Una cultura generale che va costruita, certo, ma che, parzialmente, può essere anche solo incrociata: il problema è che ormai non ci sono più giornali per casa, non si guardano più i telegiornali, non capita più di incrociare per caso un documentario o un film importante… e questo, vi dico la verità, nei temi si sente. (…) Prendete l’abitudine di comprarvi ogni settimana qualche rivista di approfondimento: la prima prova spesso richiede un livello di maturità intellettuale abbastanza alto, non è facile districarsi tra le proposte se non si possiede un minimo di conoscenze, anche extrascolastiche. "

Non preoccupatevi del giudizio altrui

Secondo la Prof. ssa Dai Prà “Tendiamo a vivere troppo per il giudizio esterno, ma è un movimento naturale, che poi col tempo di solito va un po’ ad acquietarsi. Dovendo affrontare l’esame di Stato, ricordate che il voto non siete voi. Potrete prendere un voto più basso di quanto vi aspettate, o magari più alto, ma non interpretatelo come un giudizio su voi stessi, né nel bene né nel male, solo come un feedback sul vostro impegno e la vostra capacità di reagire allo stress. La vera prova di maturità verrà dopo, tra i venti e i trent’anni, quando metterete le basi della vostra vita adulta”.

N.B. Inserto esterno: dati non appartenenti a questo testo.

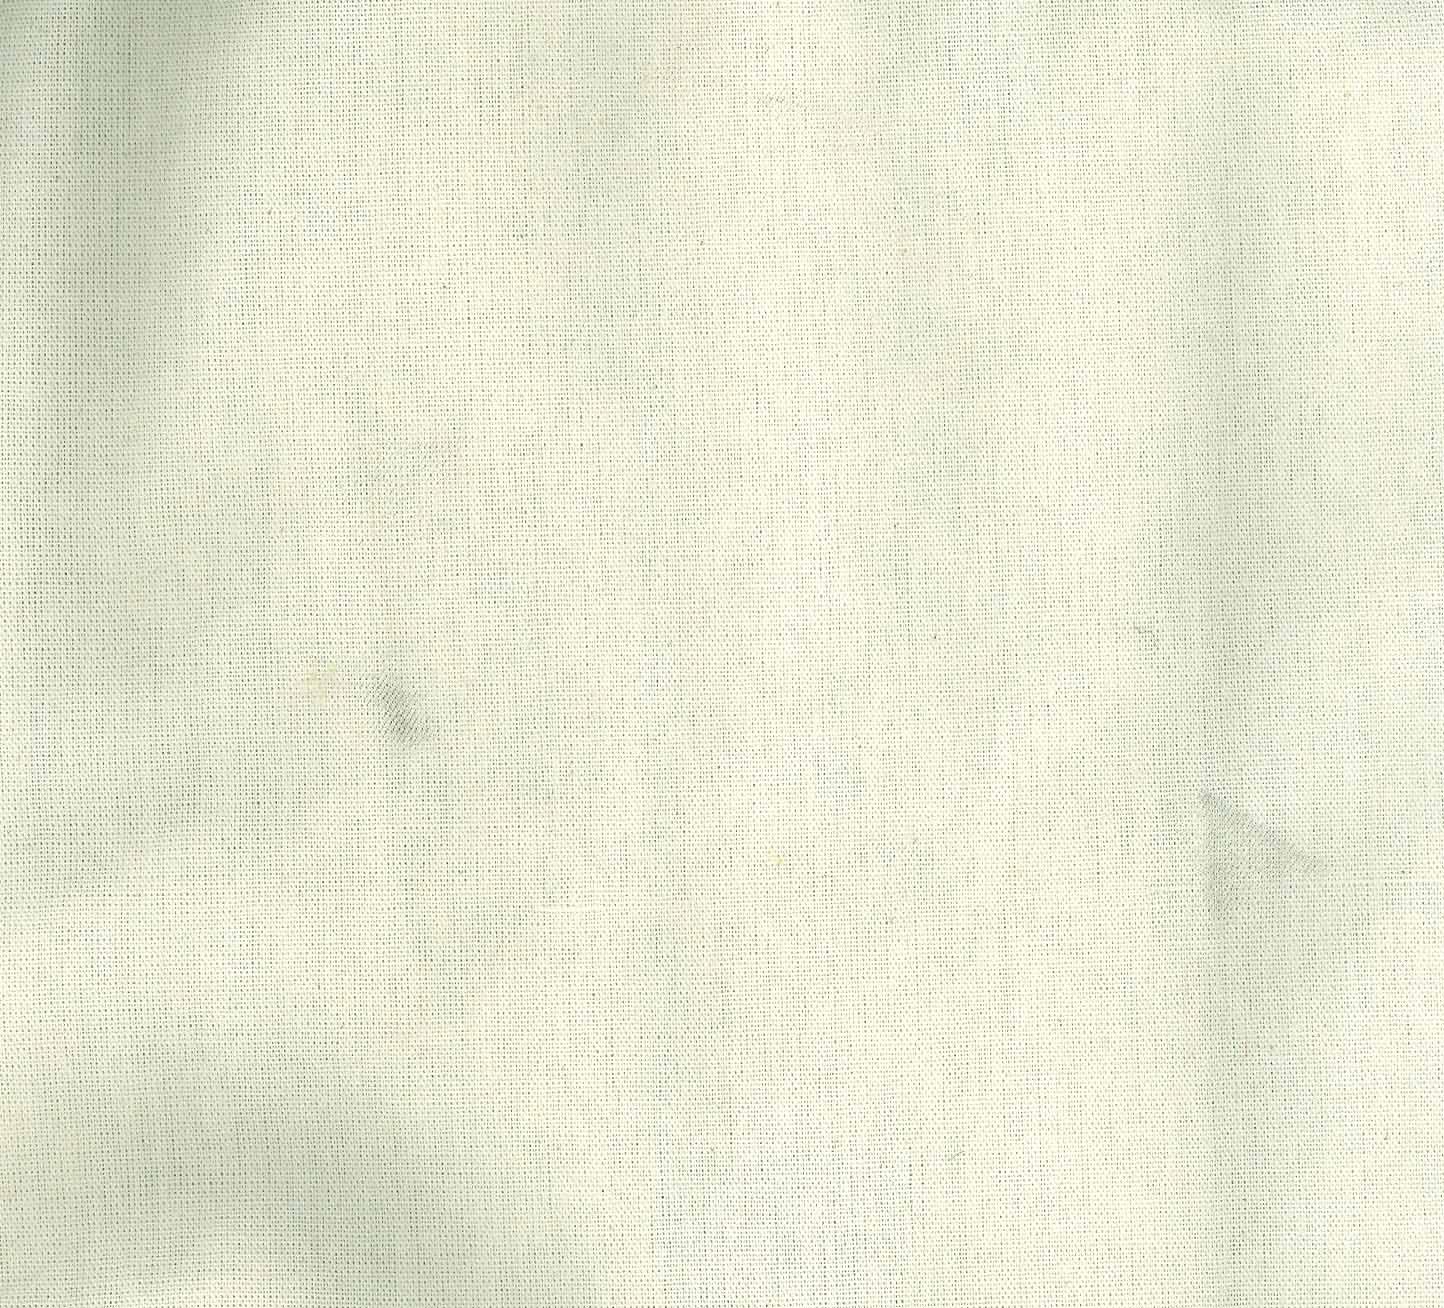 کیف پارچه ای کوچک 24*26 (جیپور سیاه،کد730)

Anche Alessandra Carati è una scrittrice che ha da poco pubblicato il romanzo - “E poi saremo salvi”. Anche a lei abbiamo chiesto dei consigli per i maturandi 2022.

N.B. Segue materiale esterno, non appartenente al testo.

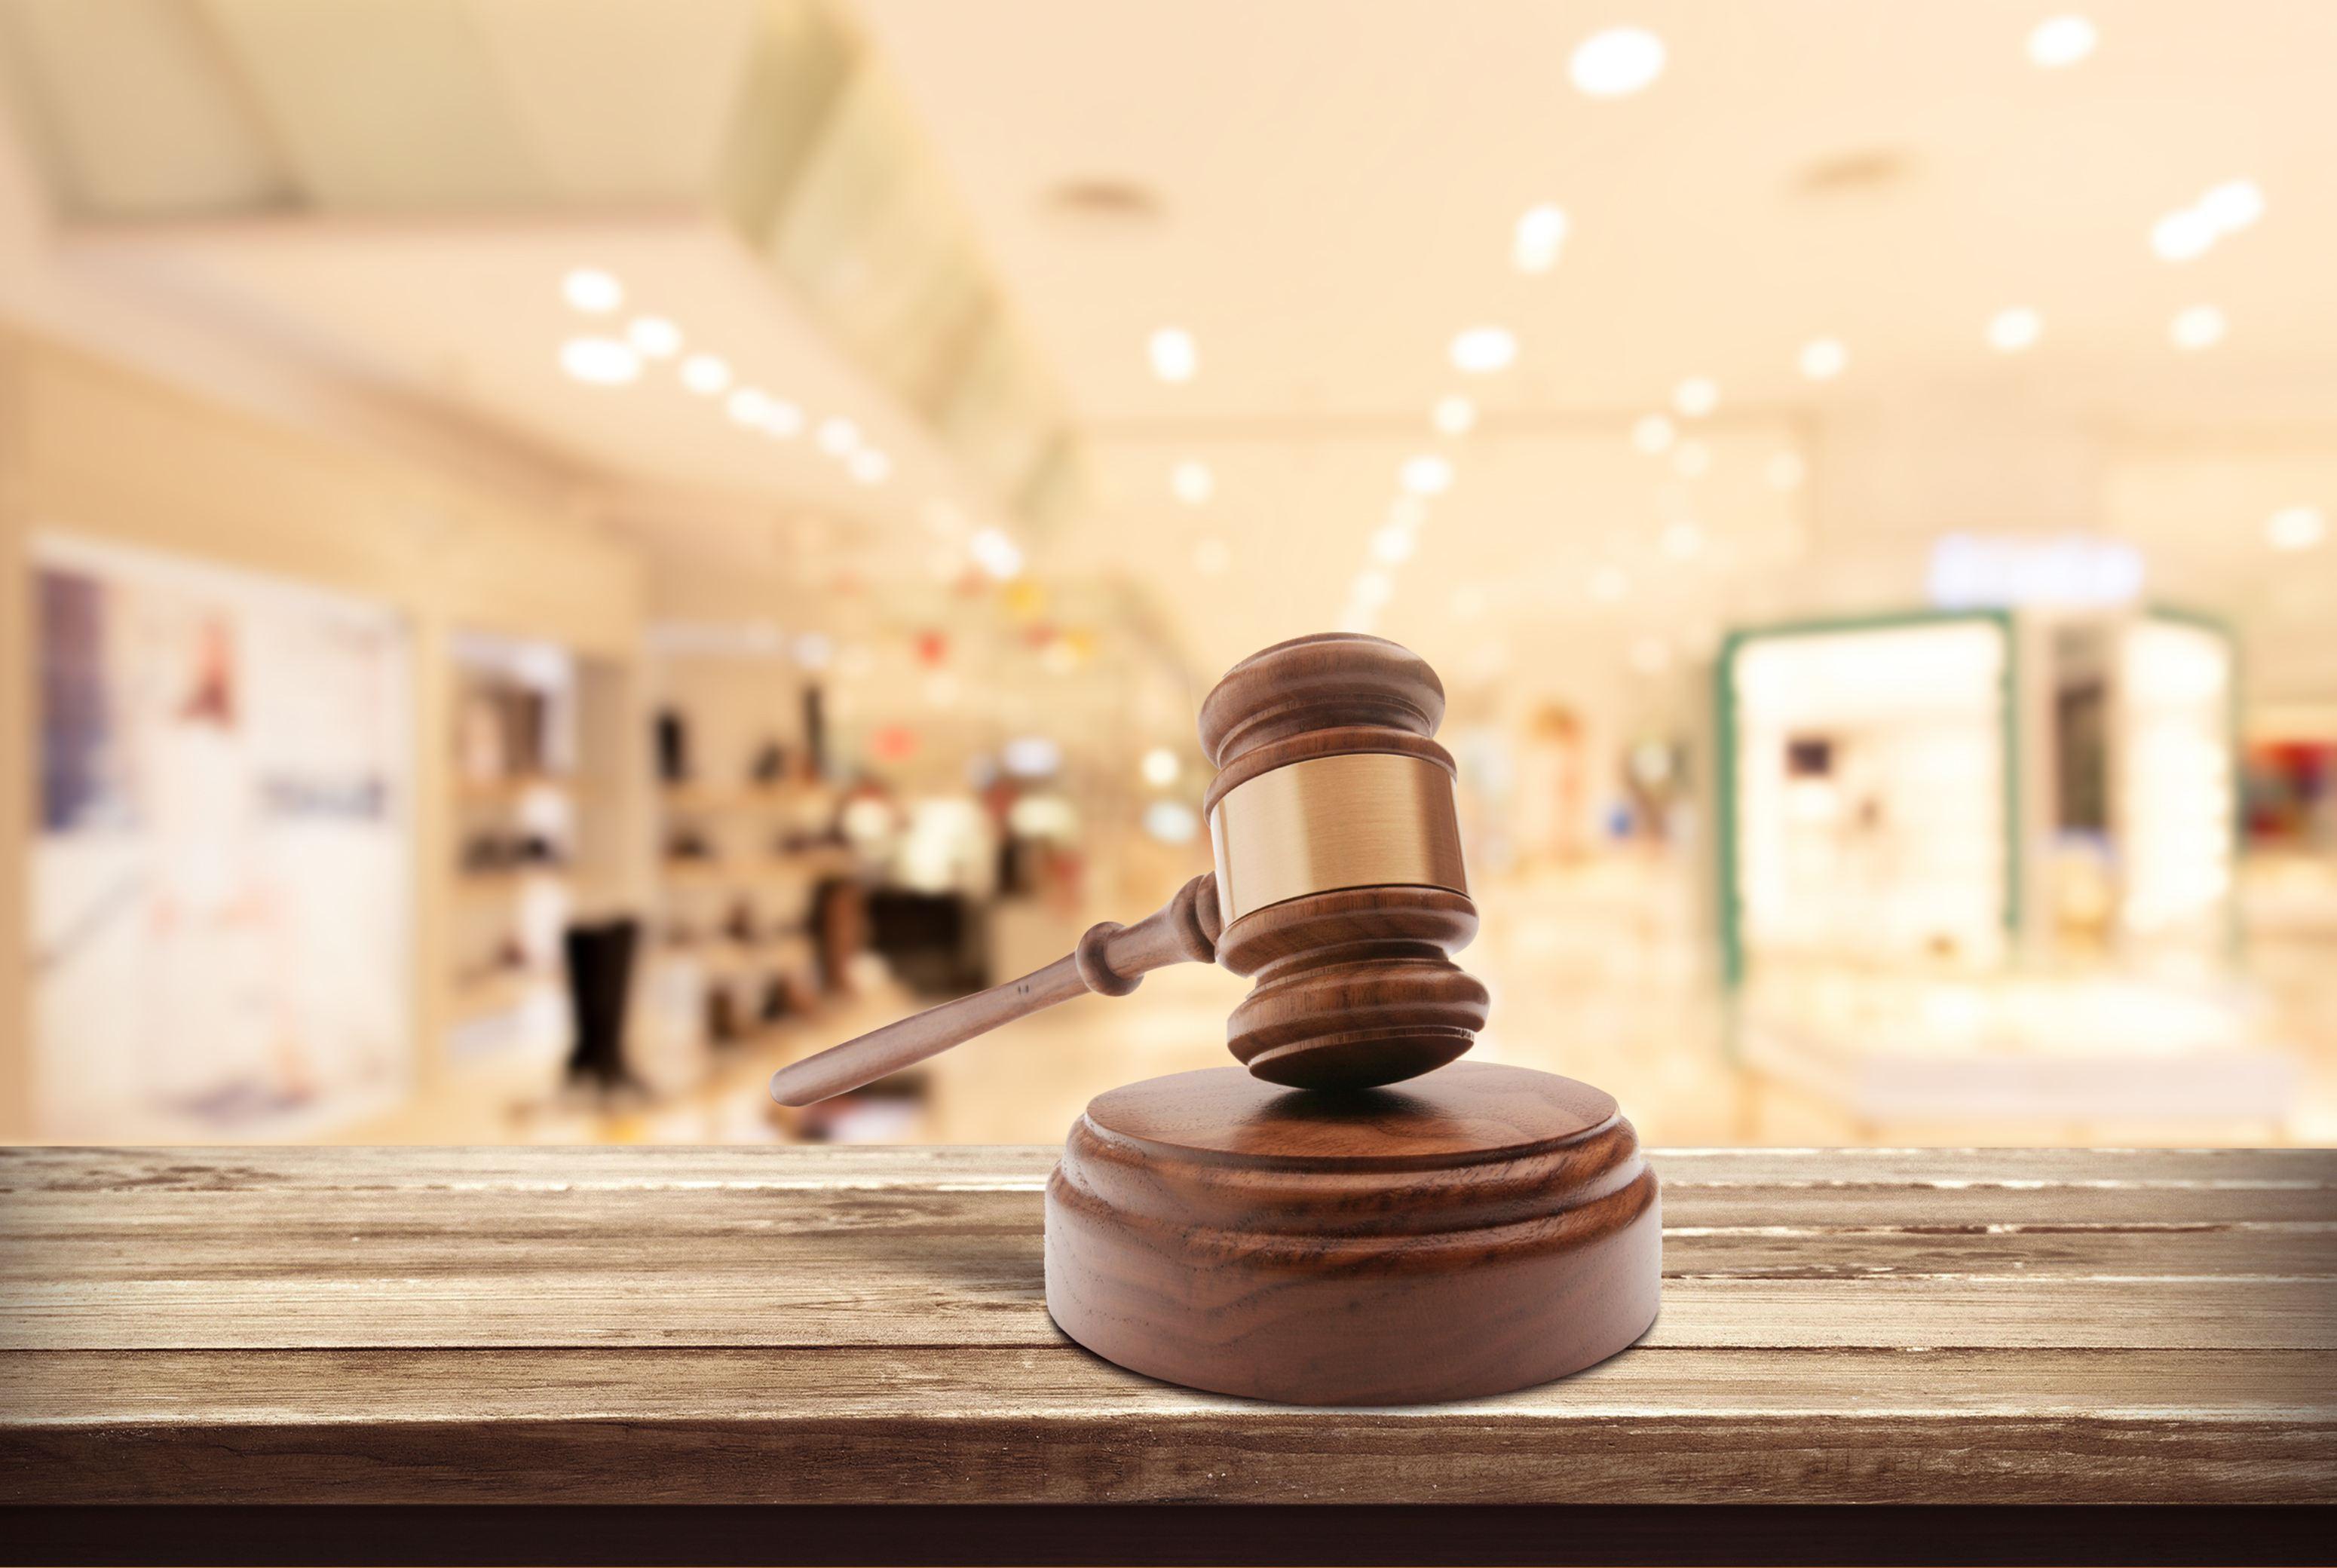 2020年民法典对于婚姻家庭这方面又有了新的定义标准

Al tema non fate mancare uno sguardo curioso sul mondo

Alessandra Carati
Alessandra Carati — Fonte: getty-images

Secondo Alessandra Carati nel tema della maturità non dovrà mancare “uno sguardo onesto e realmente curioso sugli altri, sul mondo. Non è importante la forma che può prendere (citazione, attualità, frase coraggiosa), è importante che sgorghi dal desiderio di mettersi in relazione con qualcosa, qualsiasi cosa, che attiri la nostra attenzione.

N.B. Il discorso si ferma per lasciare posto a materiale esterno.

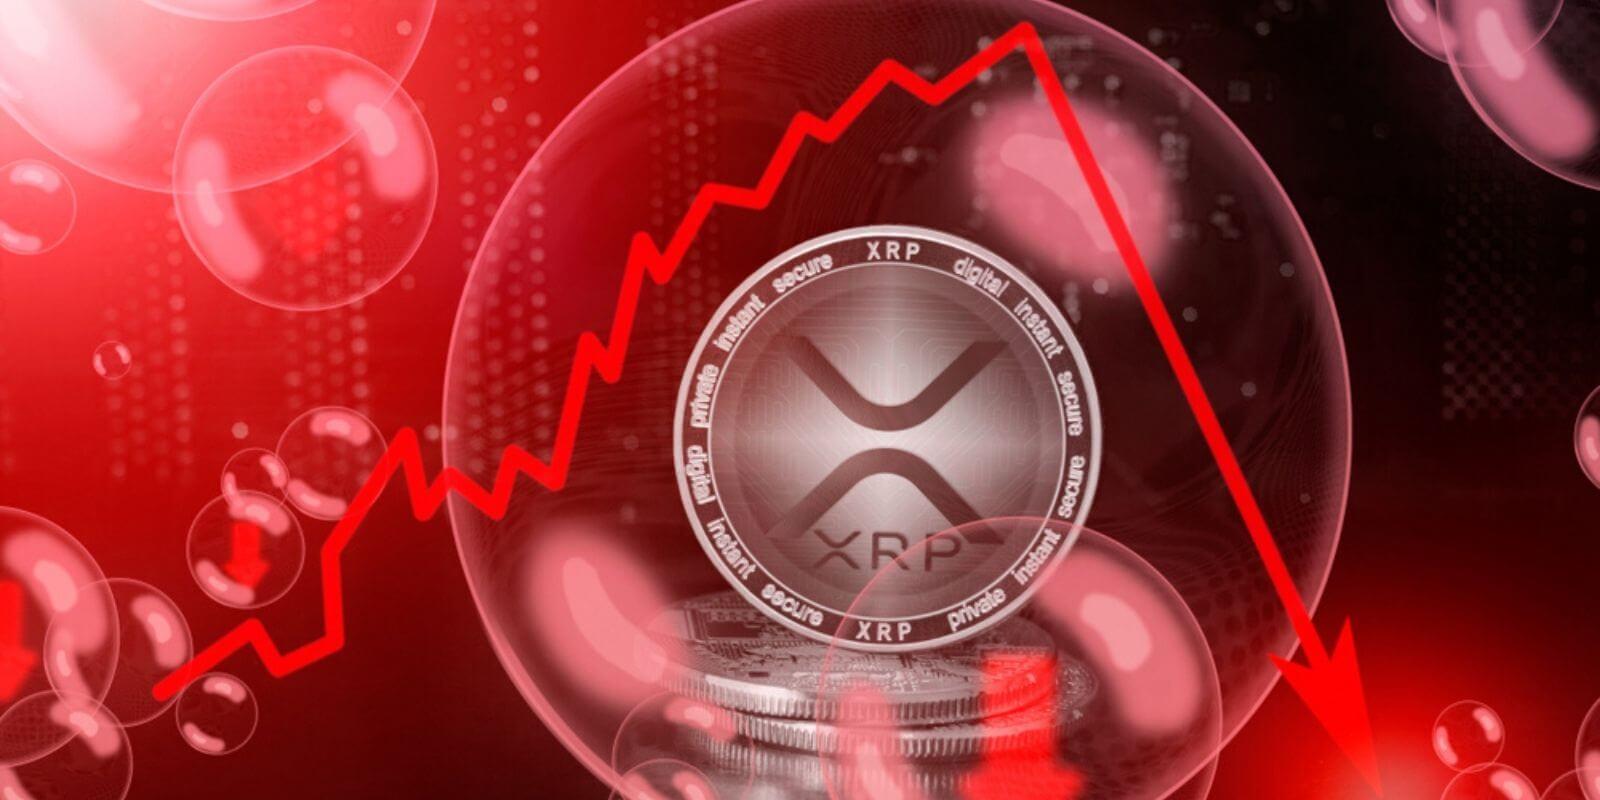 Chute du XRP: pas de répit en vue selon plusieurs analyses

La lezione più importante: la pazienza

Una lezione importante? “La vita mi ha insegnato la pazienza. Il premio per quello che abbiamo fatto – quando arriva – non è mai lì dove e come lo aspettiamo, almeno questo credo di aver intuito”.

La traccia sulla guerra

Un’ipotesi di traccia per il primo scritto?Immagino che sarà presentata una traccia che abbia a che fare con la storia recentissima, lo scoppio della guerra in Ucraina. Forse potrebbero chiedere di stabilire un’analogia con una guerra passata, oppure potrebbero proporre una riflessione su cosa sia la pace e con quali strumenti si possa perseguire”.